TASK ITEM: Only the pictures are to be left out; set down the rest of the records exactly.

DATA FOR ANALYSIS:
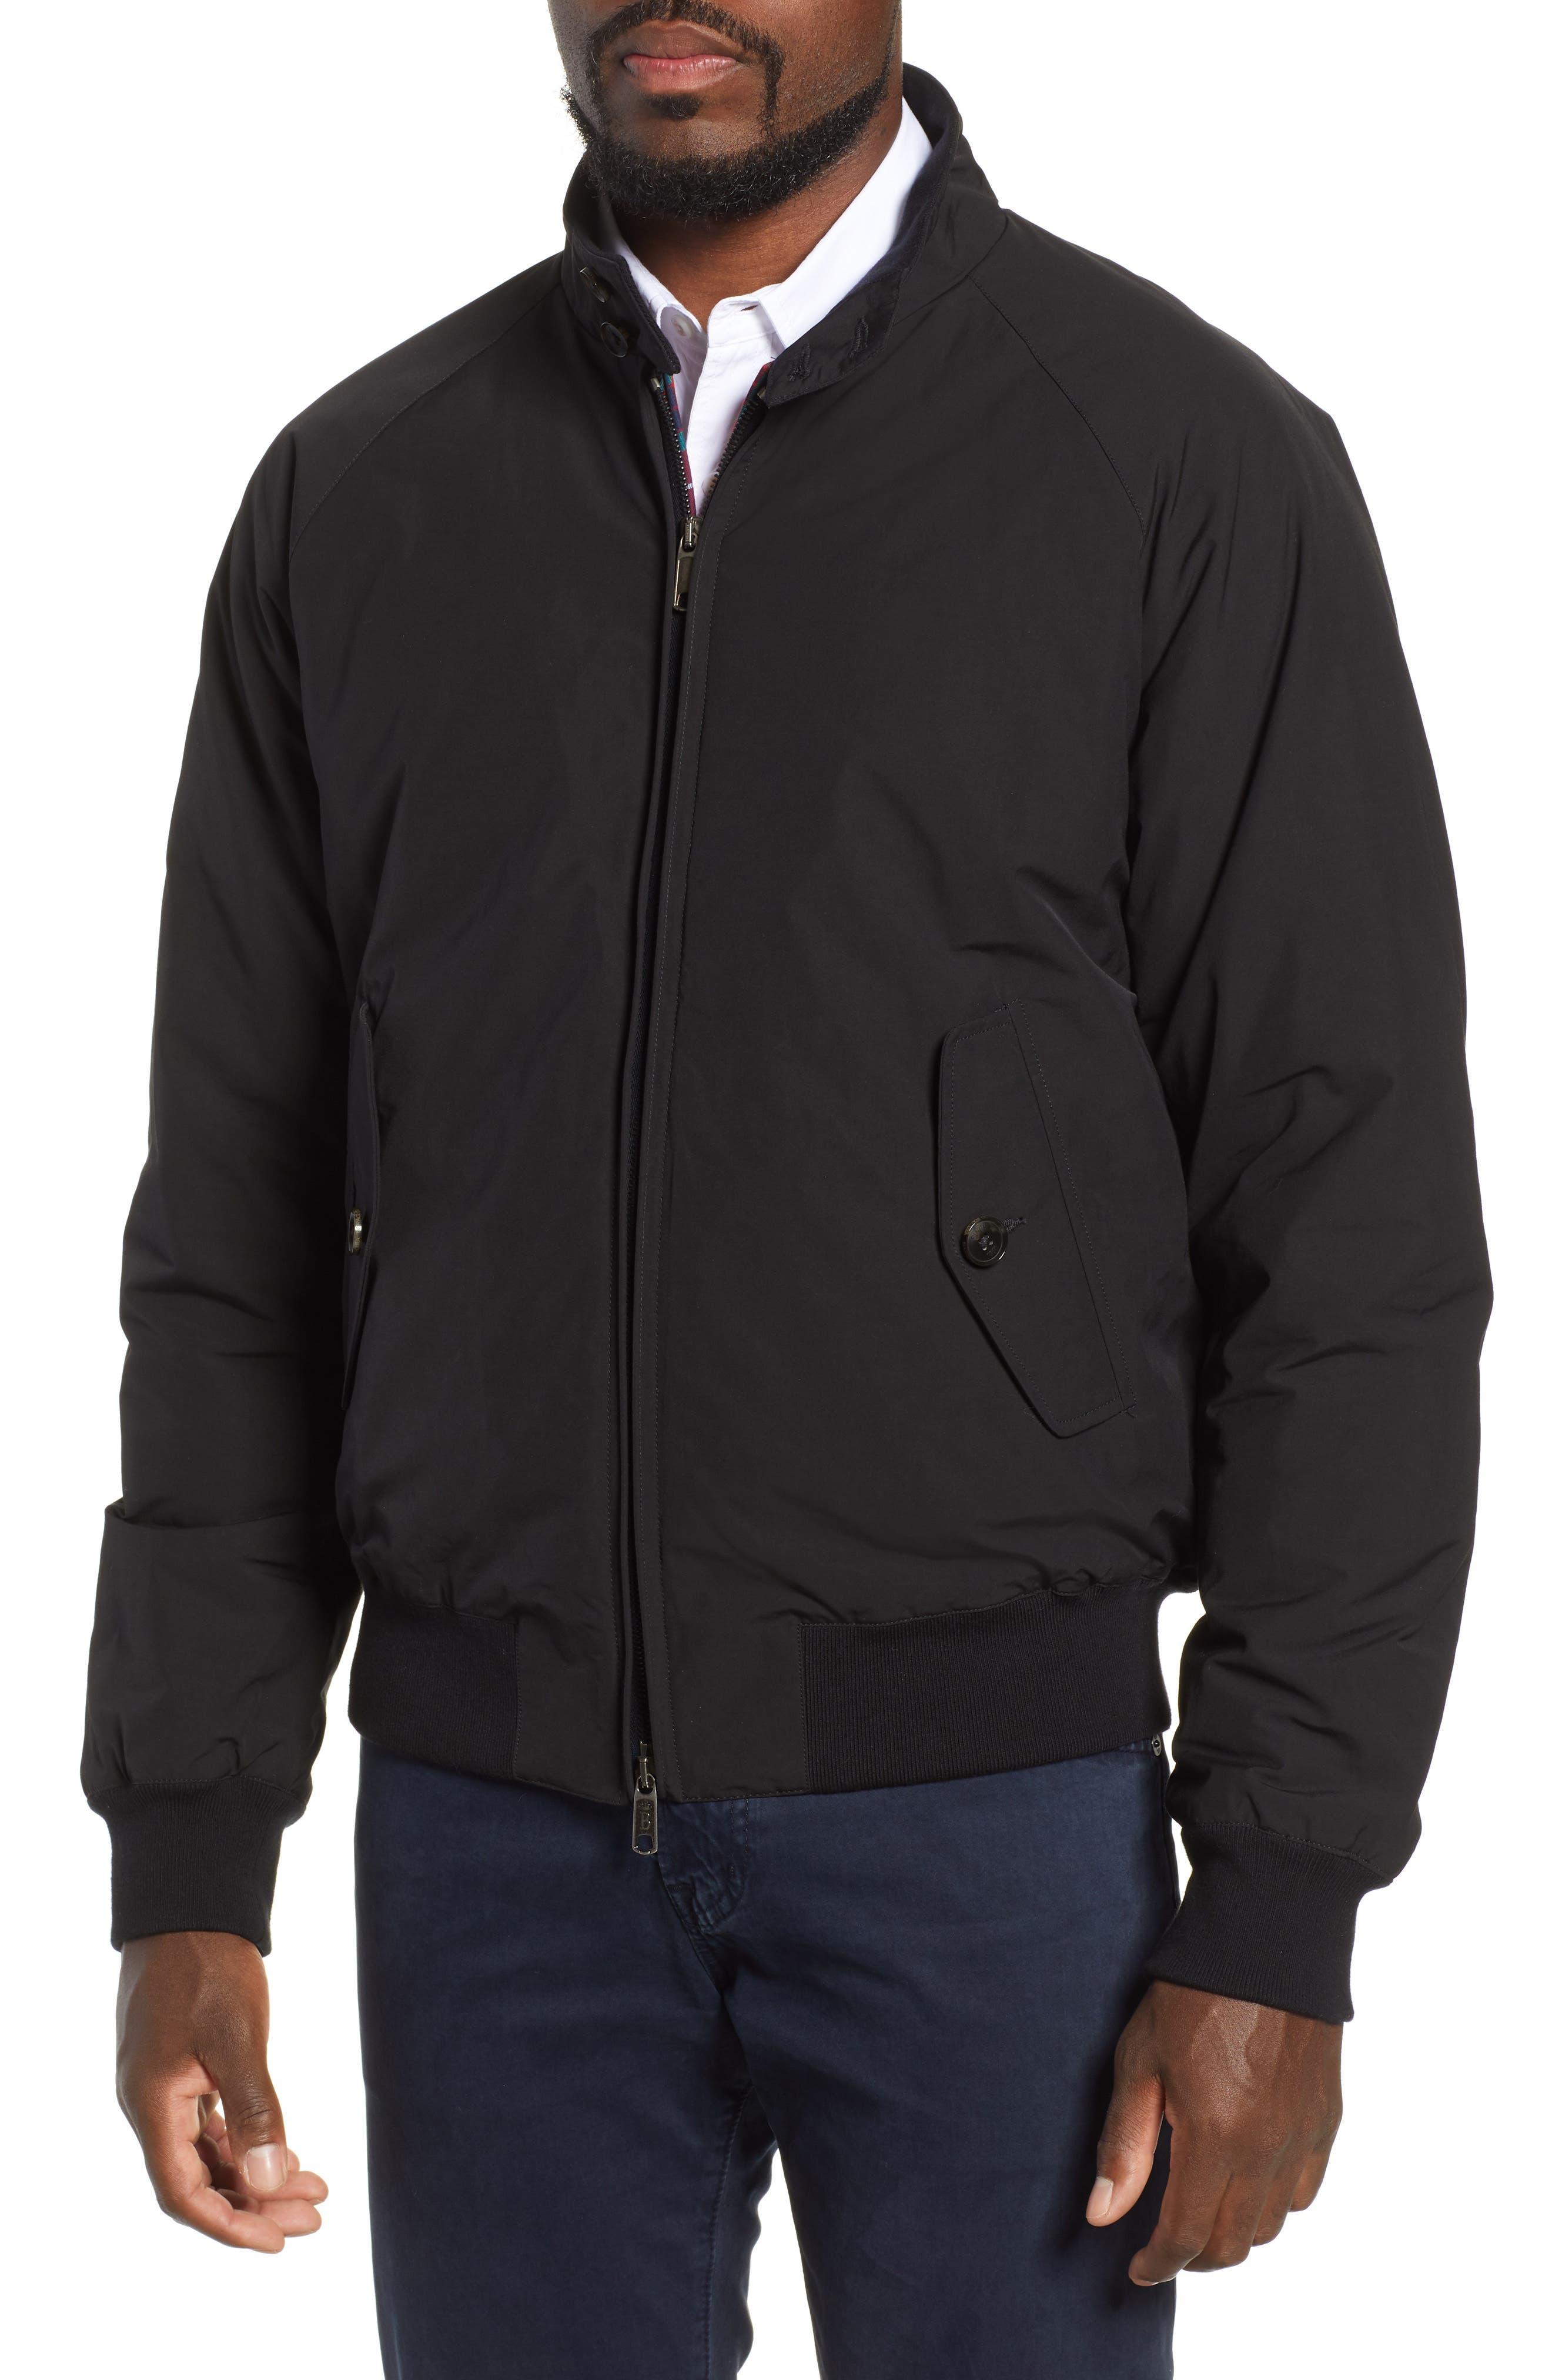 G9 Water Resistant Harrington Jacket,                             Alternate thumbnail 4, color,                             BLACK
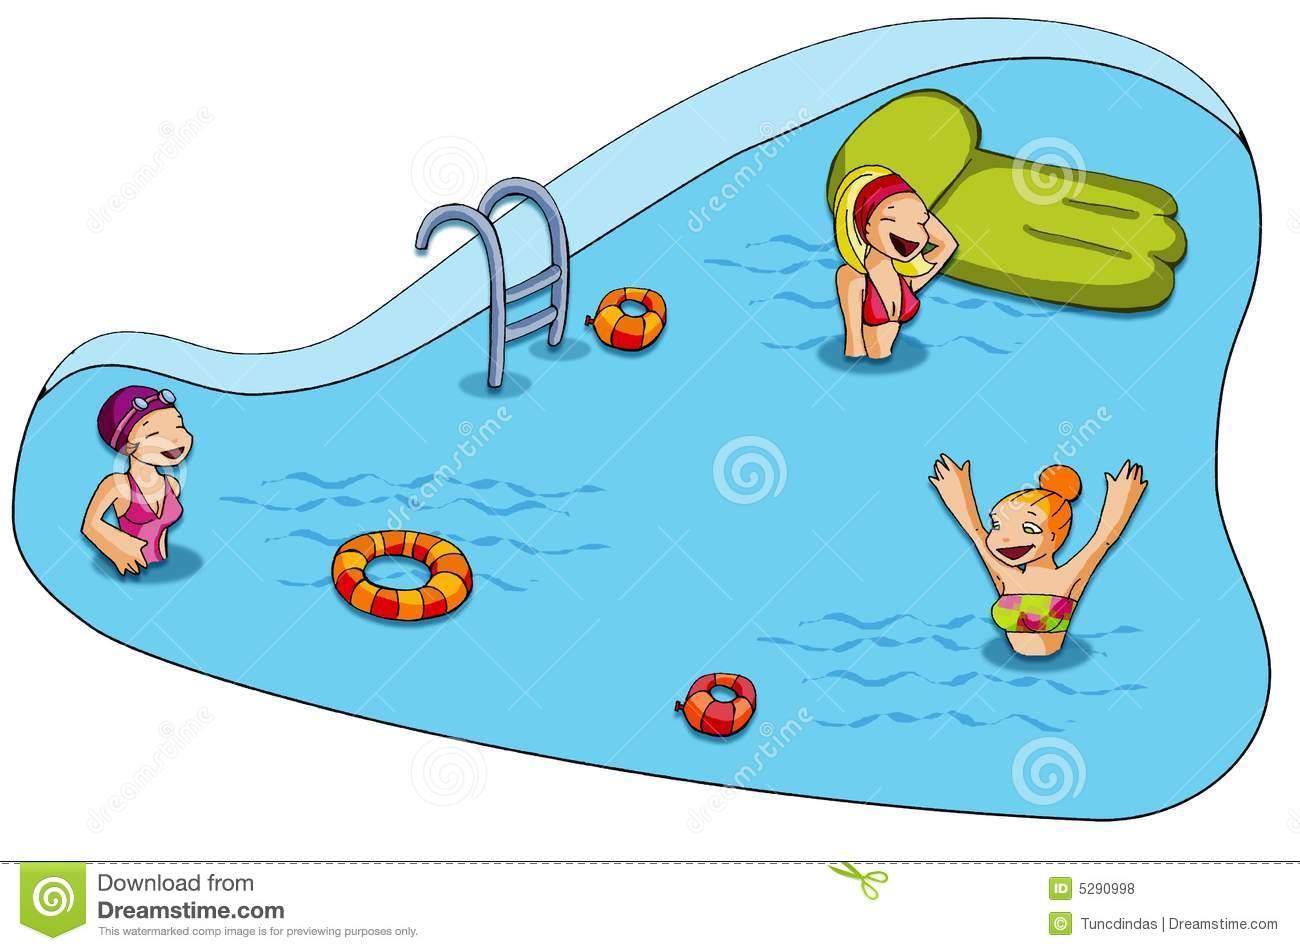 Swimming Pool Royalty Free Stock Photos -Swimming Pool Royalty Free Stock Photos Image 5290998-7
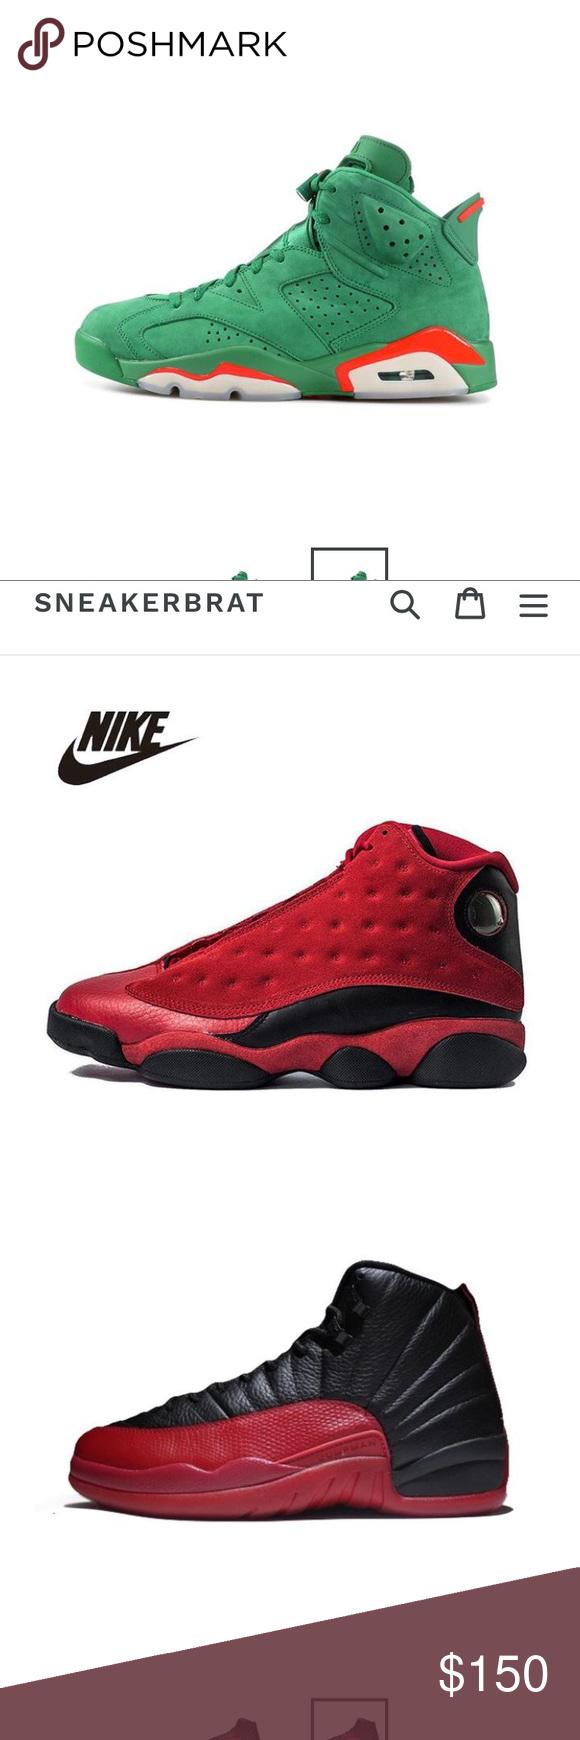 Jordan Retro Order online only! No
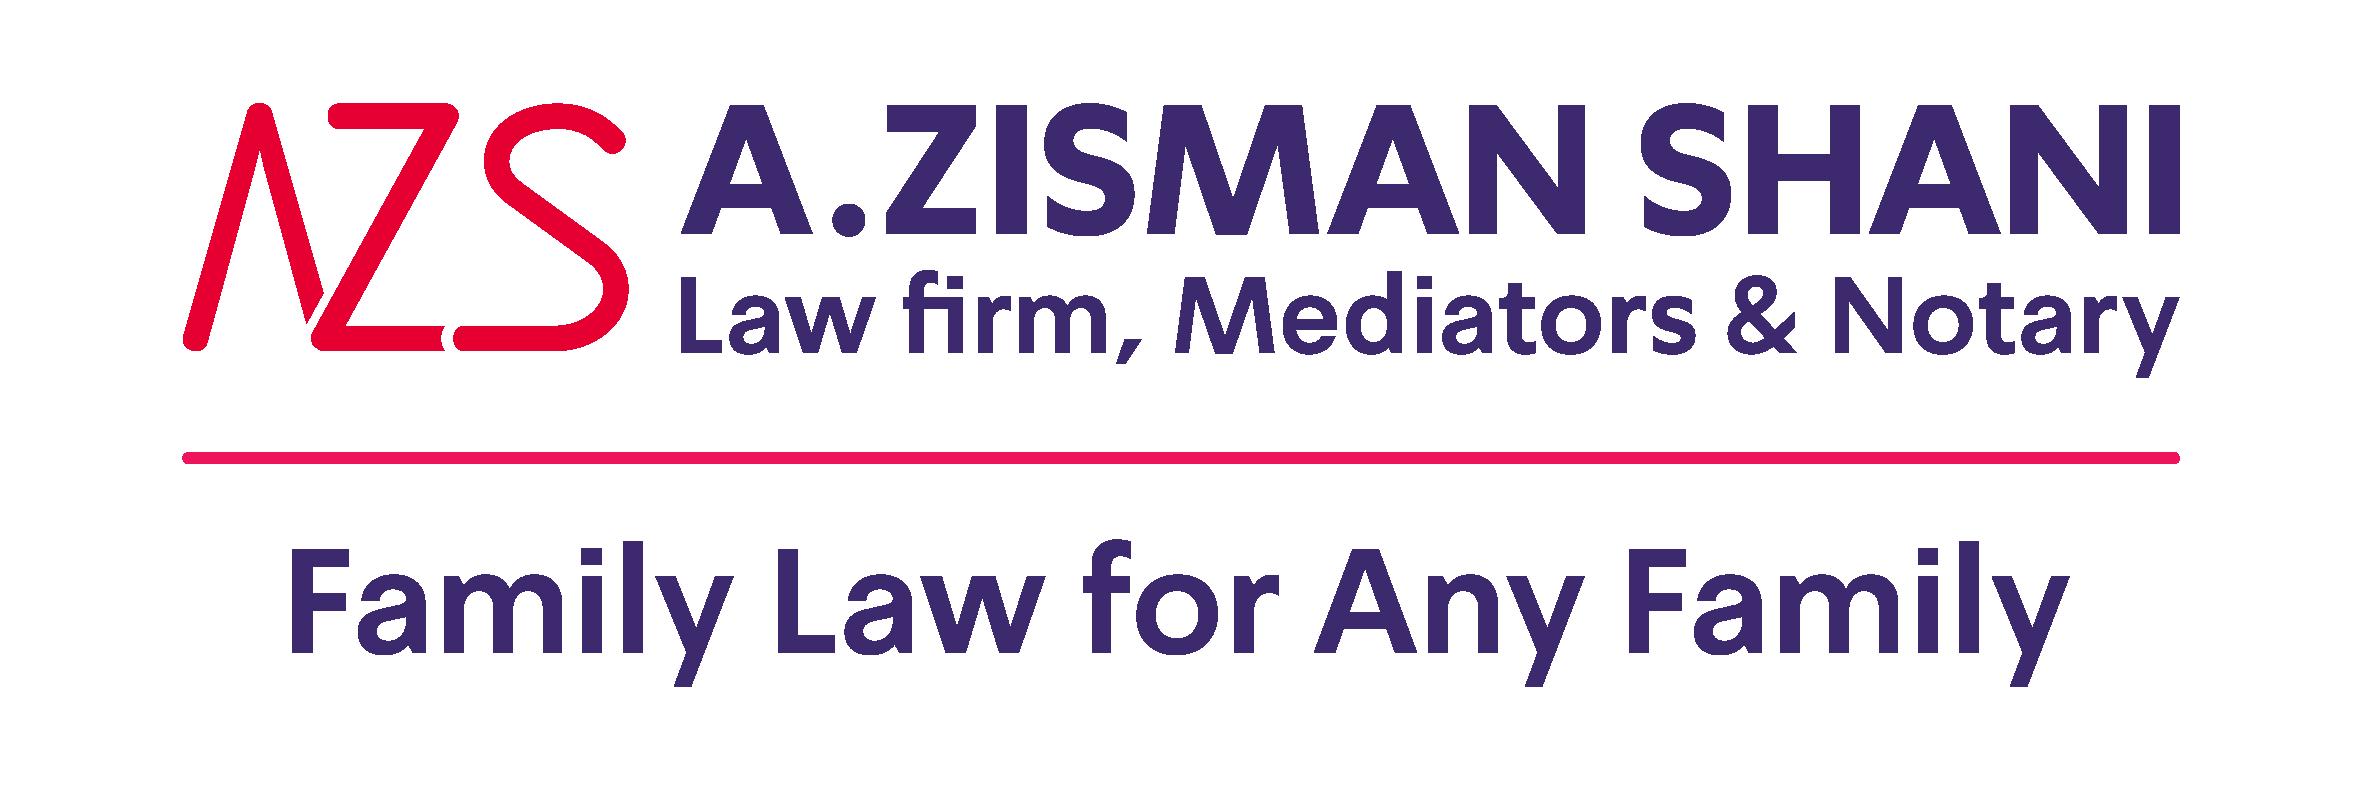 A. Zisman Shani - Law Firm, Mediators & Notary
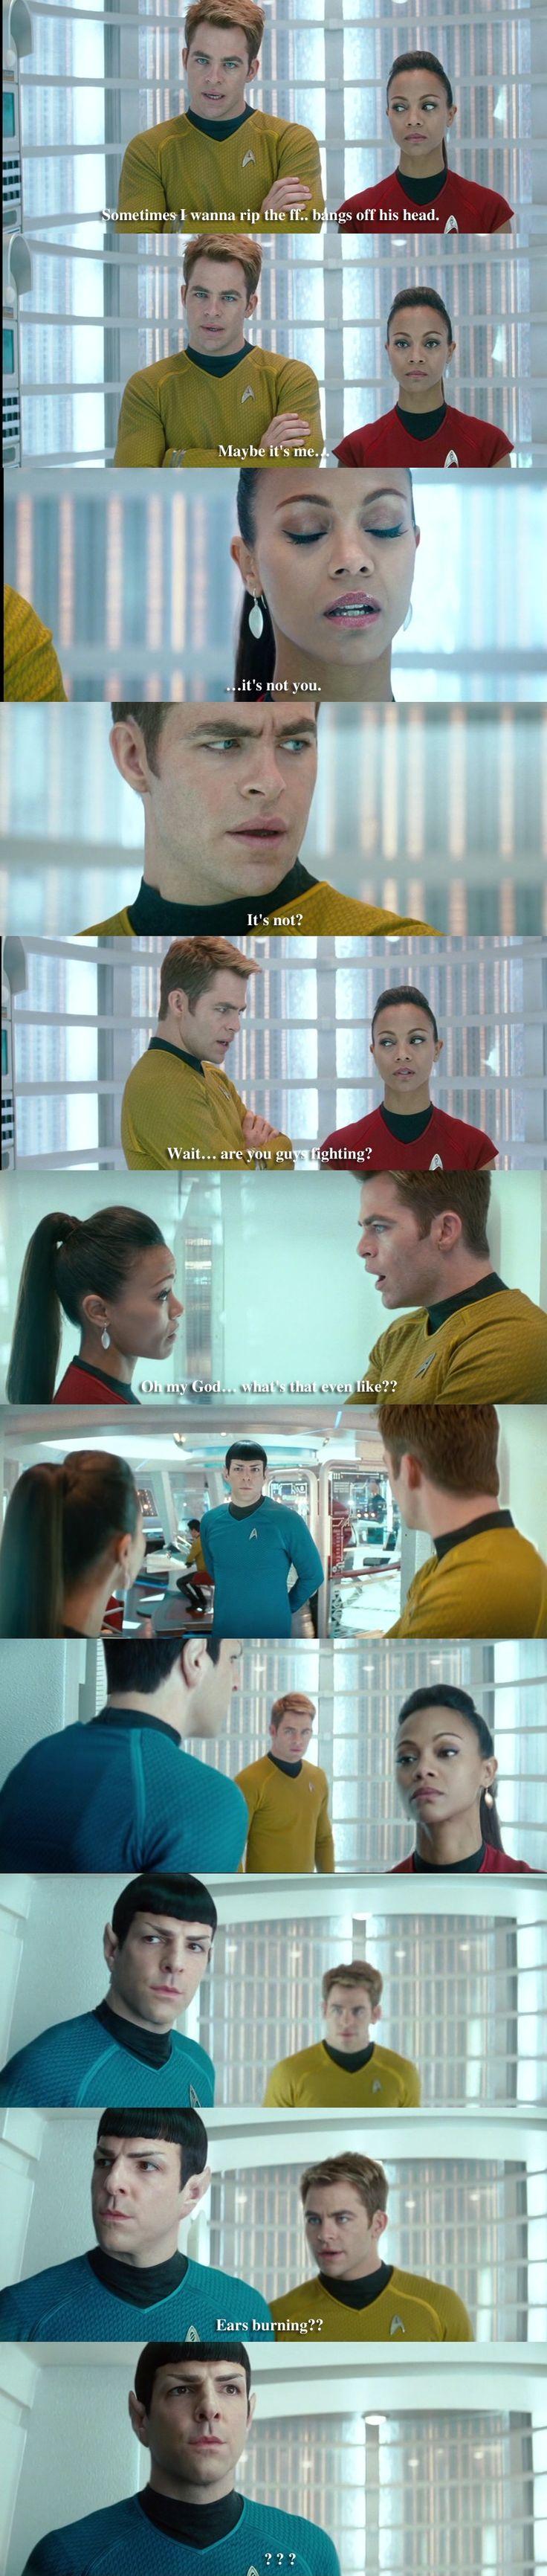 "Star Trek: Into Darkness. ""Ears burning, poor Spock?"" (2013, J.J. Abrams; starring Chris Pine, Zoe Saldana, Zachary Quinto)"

REPLY TO THE EXERCISE:
 G9 Water Resistant Harrington Jacket,                             Alternate thumbnail 4, color,                             BLACK
 Swimming Pool Royalty Free Stock Photos -Swimming Pool Royalty Free Stock Photos Image 5290998-7
 Jordan Retro Order online only! No
 A. Zisman Shani - Law Firm, Mediators & Notary
 "Star Trek: Into Darkness. ""Ears burning, poor Spock?"" (2013, J.J. Abrams; starring Chris Pine, Zoe Saldana, Zachary Quinto)"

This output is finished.